Traffic engineering's role in next-generation networks

In most cases, the calculation of the optimum routing of virtual circuits was done off-line by a network management platform; advanced networks (offering Frame Relay or ATM switched virtual circuits) also offered real-time on-demand establishment of virtual circuits. However, the process was always the same:

• The free network capacity was examined.

• The end-to-end hop-by-hop path throughout the network that satisfied the contractual requirements (and, if needed, met other criteria) was computed.

• A virtual circuit was established along the computed path.

Internet and most IP-based services, including IP-based virtual private networks (VPNs) implemented with MPLS VPN, IPsec or Layer 2 transport protocol (L2TP), follow a completely different service model:

• The traffic contract specifies ingress and egress bandwidth for each site, not site-to-site traffic requirements.

• Every IP packet is routed through the network independently, and every router in the path makes independent next-hop decisions.

• Once merged, all packets toward the same destination take the same path (whereas multiple virtual circuits toward the same site could traverse different links).

Simplified to the extreme, the two paradigms could be expressed as follows:

• Layer 2 switched networks assume that the bandwidth is expensive and try to optimize its usage, resulting in complex circuit setup mechanisms and expensive switching methods.

• IP networks assume that the bandwidth is "free" and focus on low-cost, high-speed switching of a high volume of traffic.

The significant difference between the cost-per-switched-megabit of Layer 2 network (for example, ATM) and routed (IP) network has forced nearly all service providers to build next-generation networks exclusively on IP. Even in modern fiber-optics networks, however, bandwidth is not totally free, and there are always scenarios where you could use free resources of an underutilized link to ease the pressure on an overloaded path. Effectively, you would need traffic engineering capabilities in routed IP networks, but they are simply not available in the traditional hop-by-hop, destination-only routing model that most IP networks use.

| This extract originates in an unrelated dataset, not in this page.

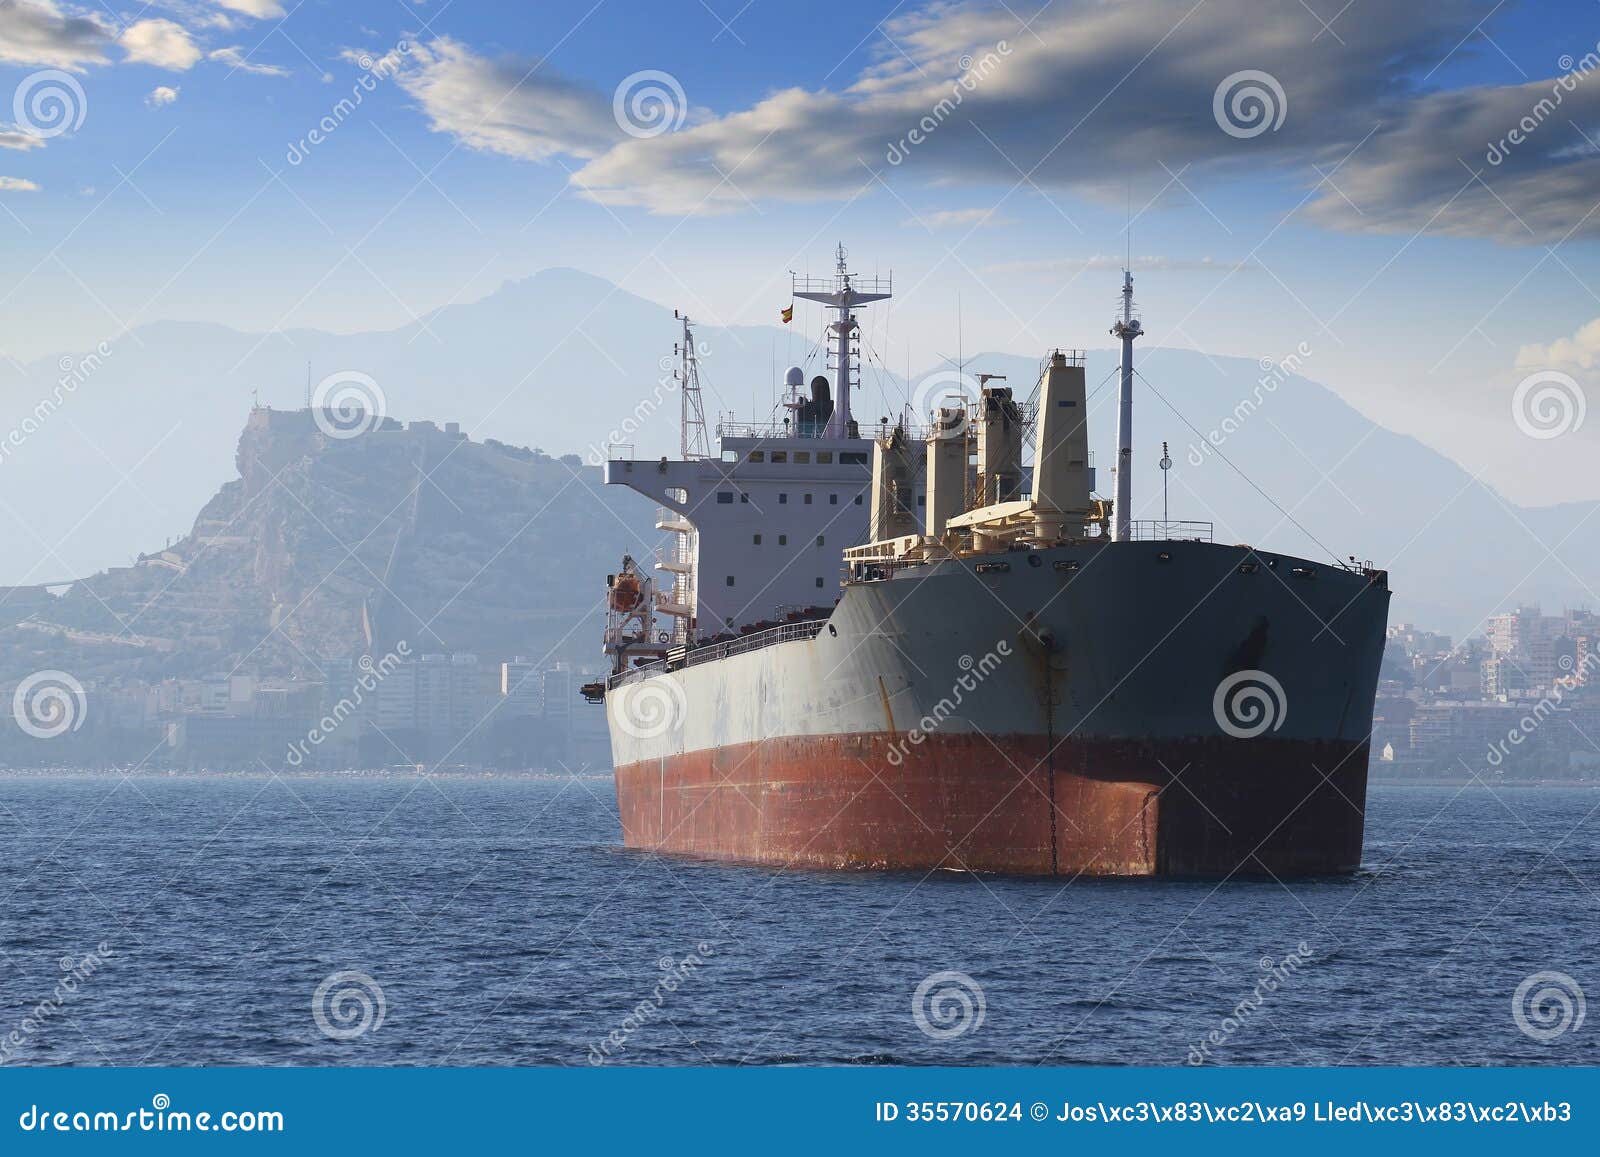 general cargo vessel: forward zon

Various approaches (including creative designs, as well as new technologies) have been tried to bring the traffic engineering capabilities to IP-based networks. We can group them roughly into these categories:

• The network core uses Layer 2 switched technology (ATM or Frame Relay) that has inherent traffic engineering capabilities. Virtual circuits are then established between edge routers as needed.

• IP routing tricks are used to modify the operation of IP routing protocols, resulting in adjustments to the path the packets are taking through the network.

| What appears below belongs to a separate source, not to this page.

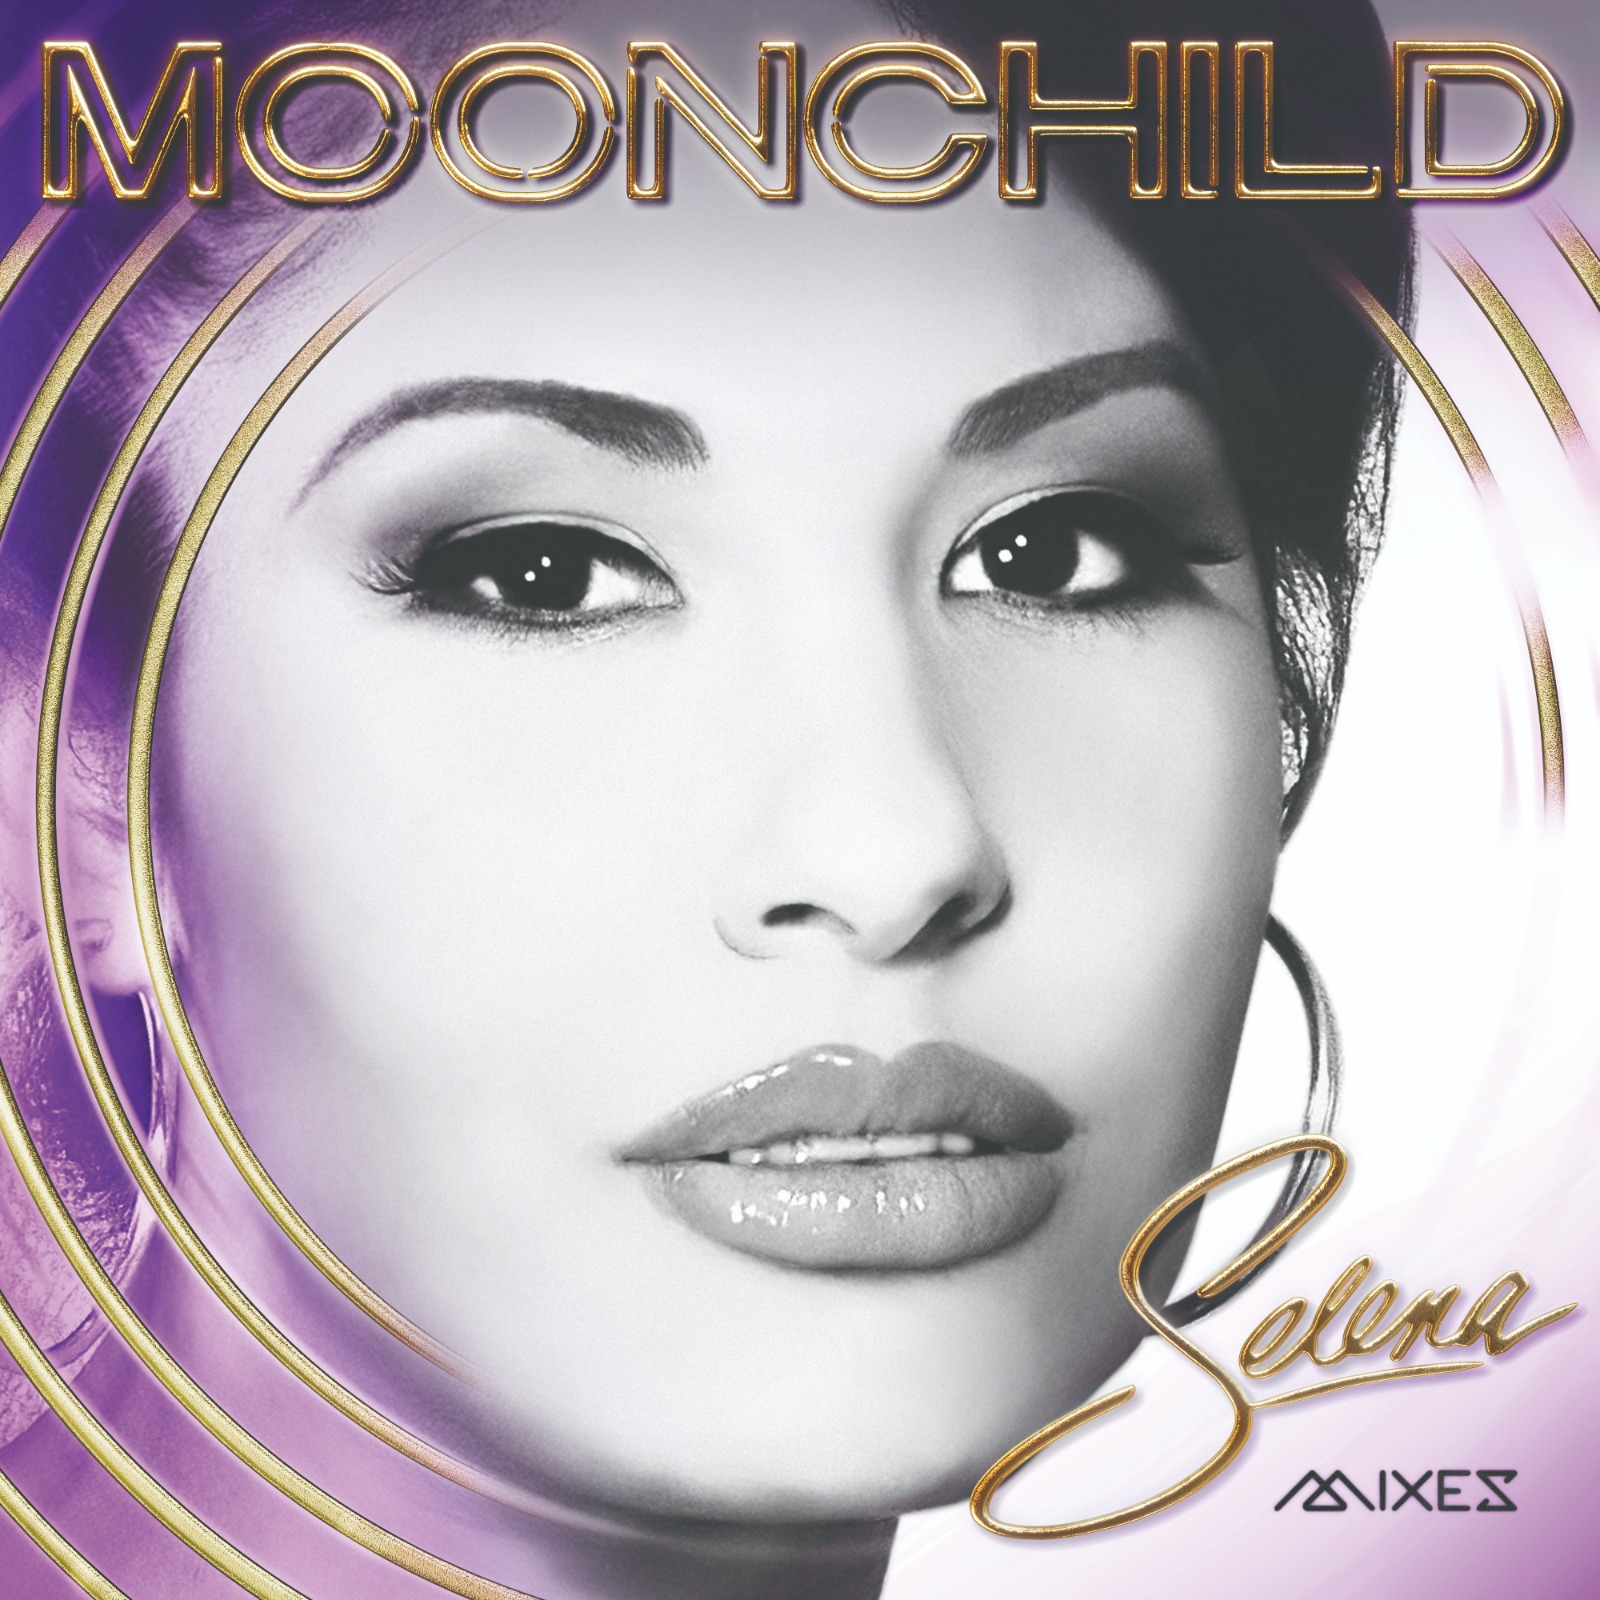 SELENA lanza nuevo álbum “Moonchild Mixes”

• Deployment of IP-based virtual circuit technologies, including IP-over-IP tunnels and MPLS traffic engineering.

The Layer 2 network core design was used extensively when the service providers were introducing IP as an additional service into their WAN networks. Many large service providers have already dropped this approach because it does not result in the cost reduction or increase in switching speed that pure IP-based networks bring.

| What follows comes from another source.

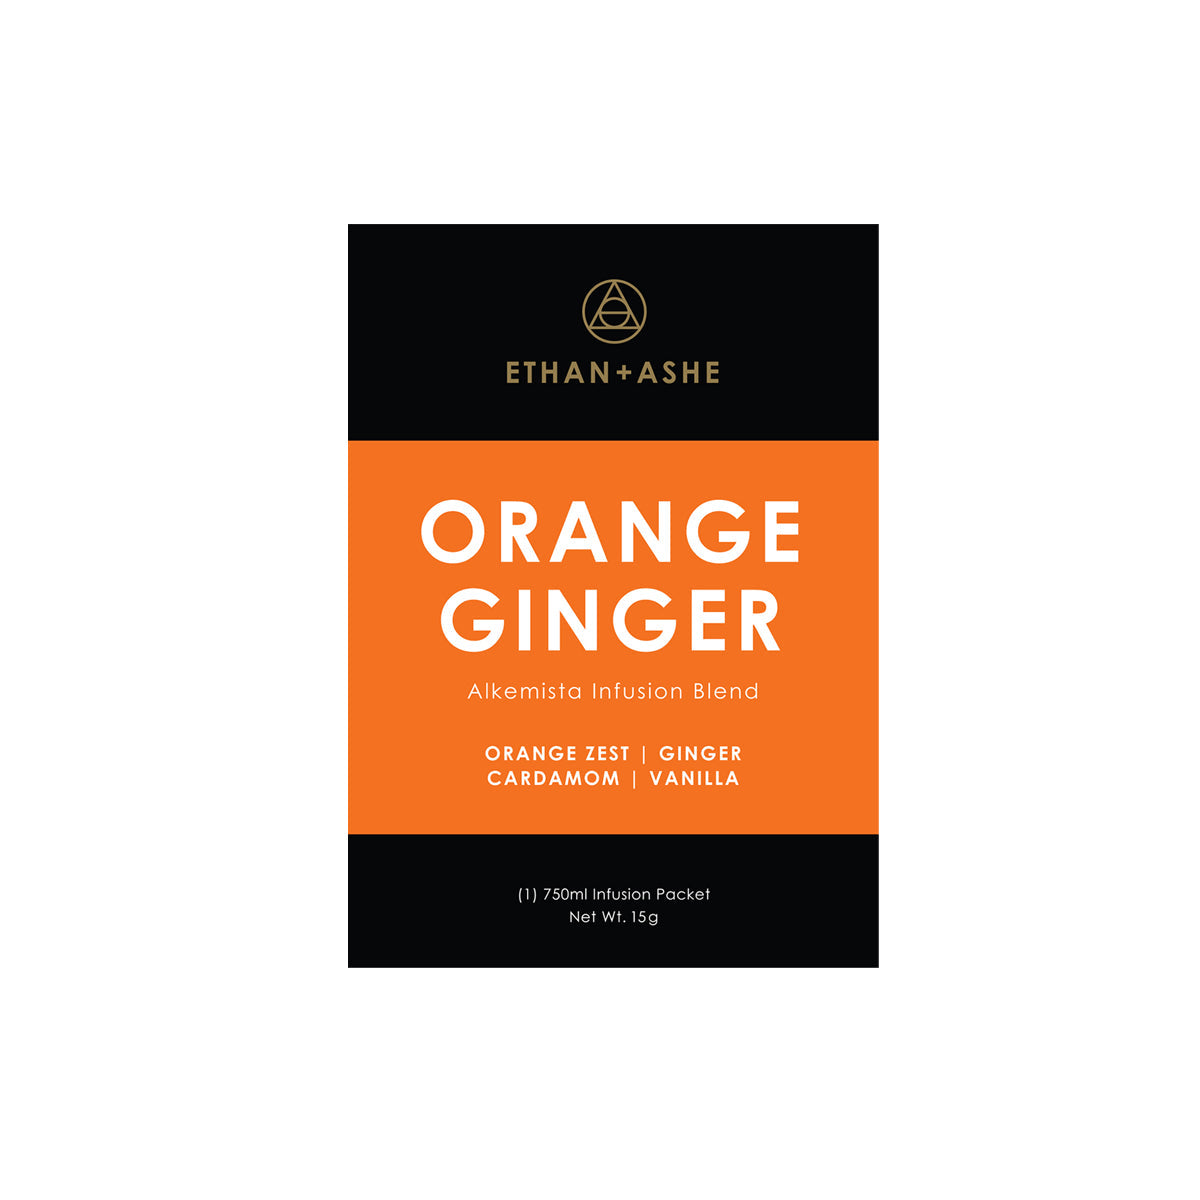 Alkemista Infusion - Orange Ginger by Ethan+Ashe

The IP routing tricks try to shift the traffic load to underutilized links by artificially lowering their cost, thus making them look more attractive to routing protocols like OSPF or IS-IS. Fine-tuning the link costs in a complex network to achieve good traffic distribution is almost impossible, so this approach works only in niche situations. Significantly better results can be achieved with Border Gateway Protocol (BGP) thanks to a rich set of attributes it can carry with every IP route. Note that BGP was originally designed to support various routing policies, so you could implement rudimentary traffic engineering as yet another routing policy.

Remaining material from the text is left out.